Information supplied =
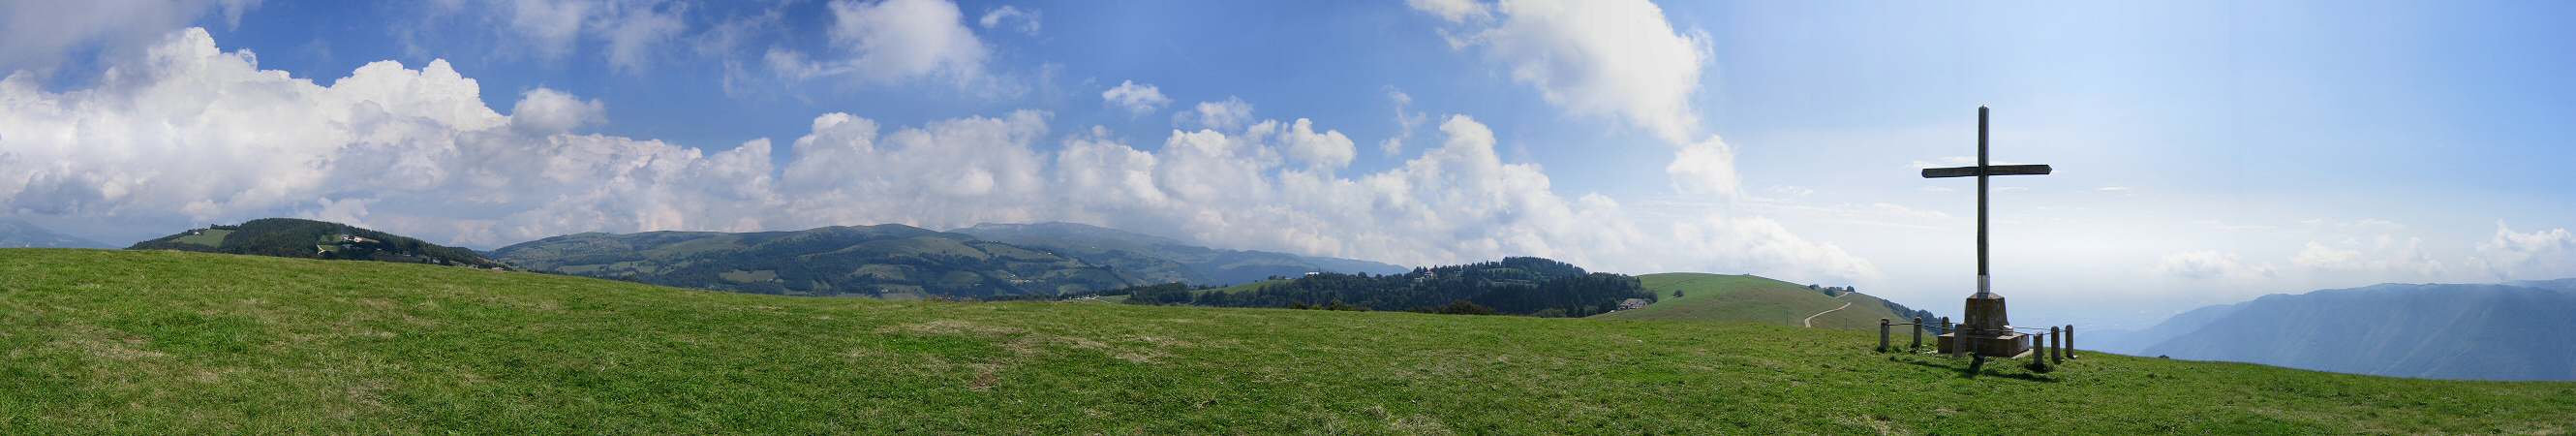 Col Fenilon, Monte Grappa - fotografia panoramica
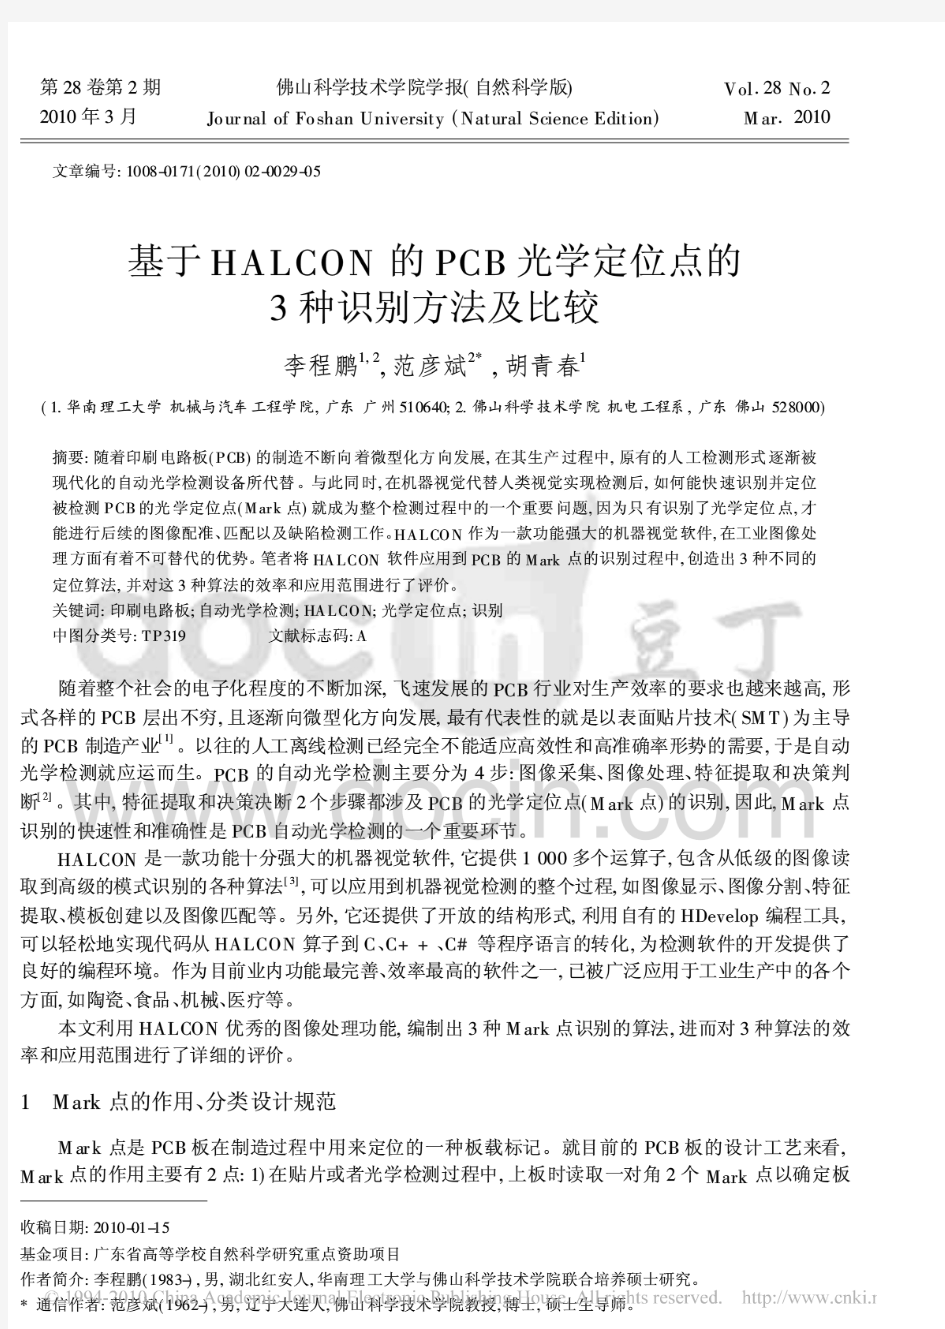 基于HALCON的PCB光学定位点的3种识别方法及比较 (2)
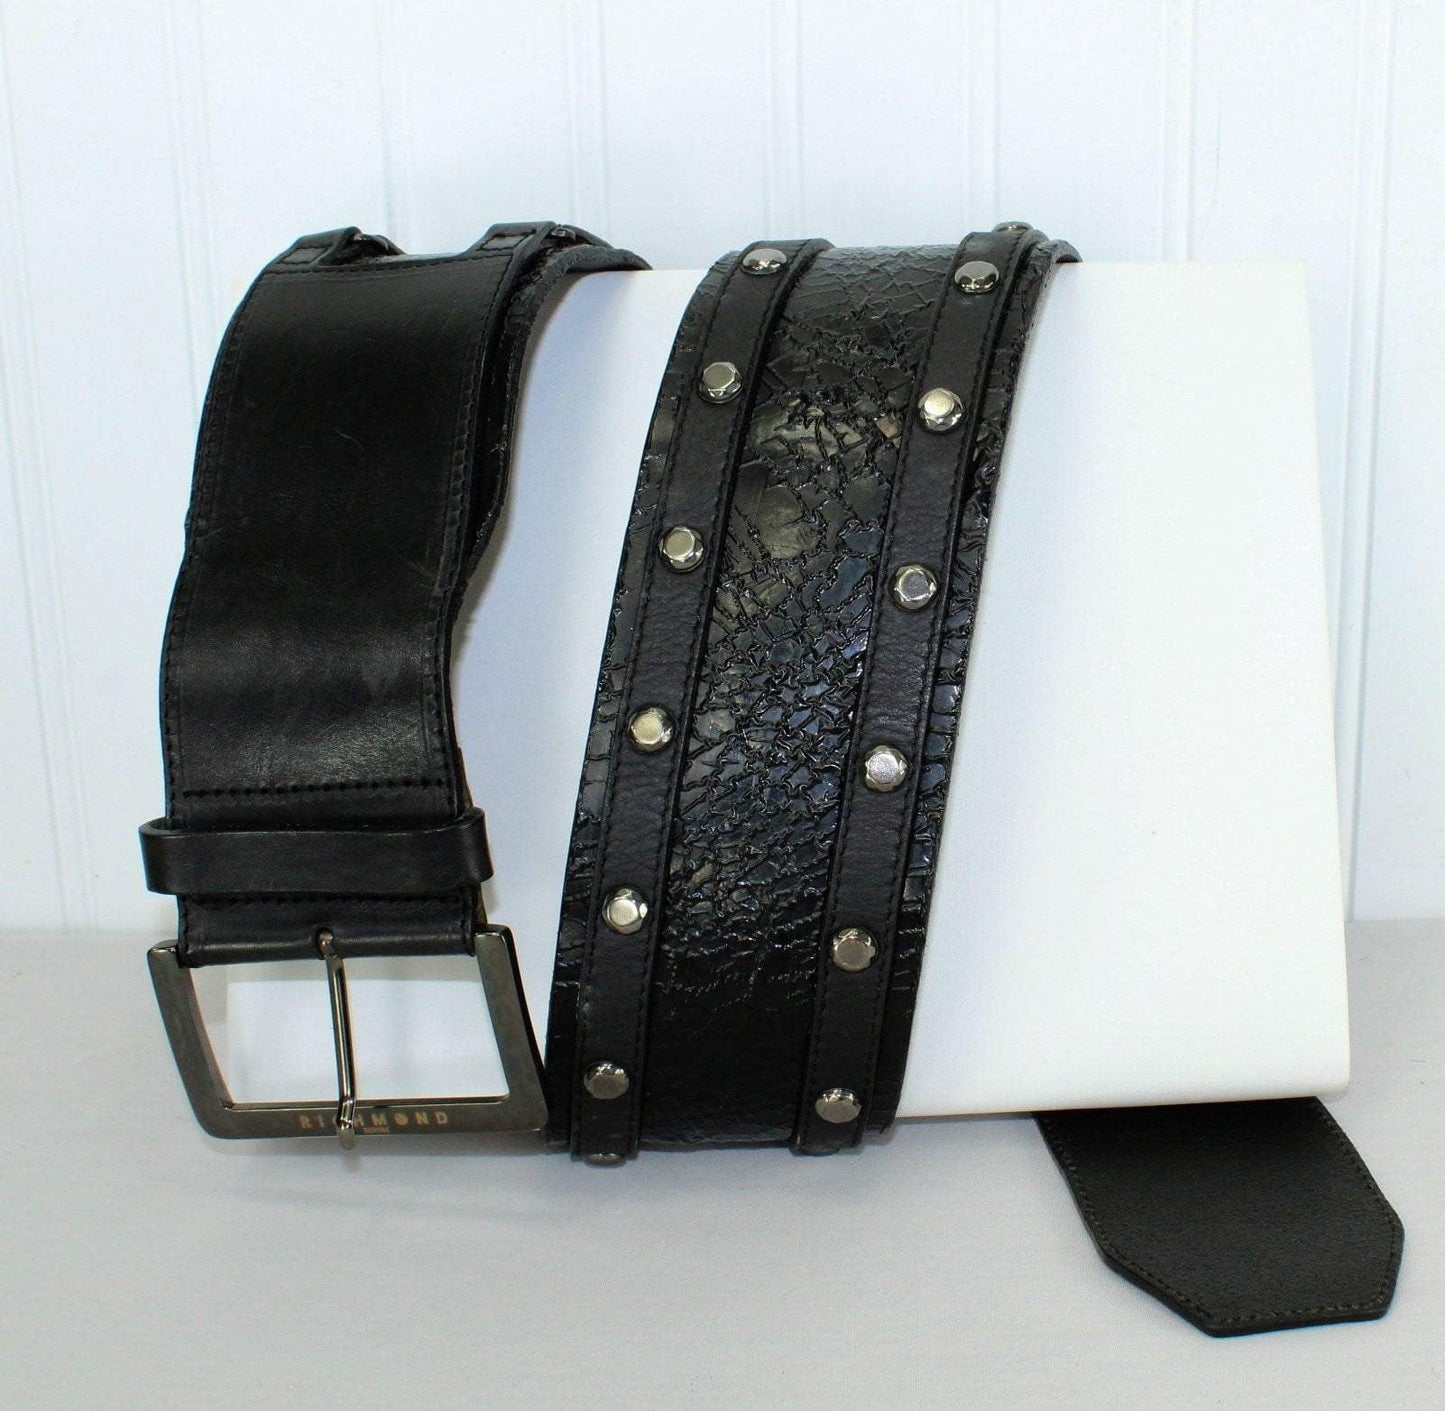 Richmond Denim Belt - Black Layered Bands Leather With Gunmetal Studs brutalist industrialist

Activity =
Exactly as they stand, write the lines from the one holding "基于HALCON的PCB光学定位点的3种识别方法及比较 (2)" to the end of the material, both ends included. Do not copy the pictures.

Output =
 基于HALCON的PCB光学定位点的3种识别方法及比较 (2)
 Richmond Denim Belt - Black Layered Bands Leather With Gunmetal Studs brutalist industrialist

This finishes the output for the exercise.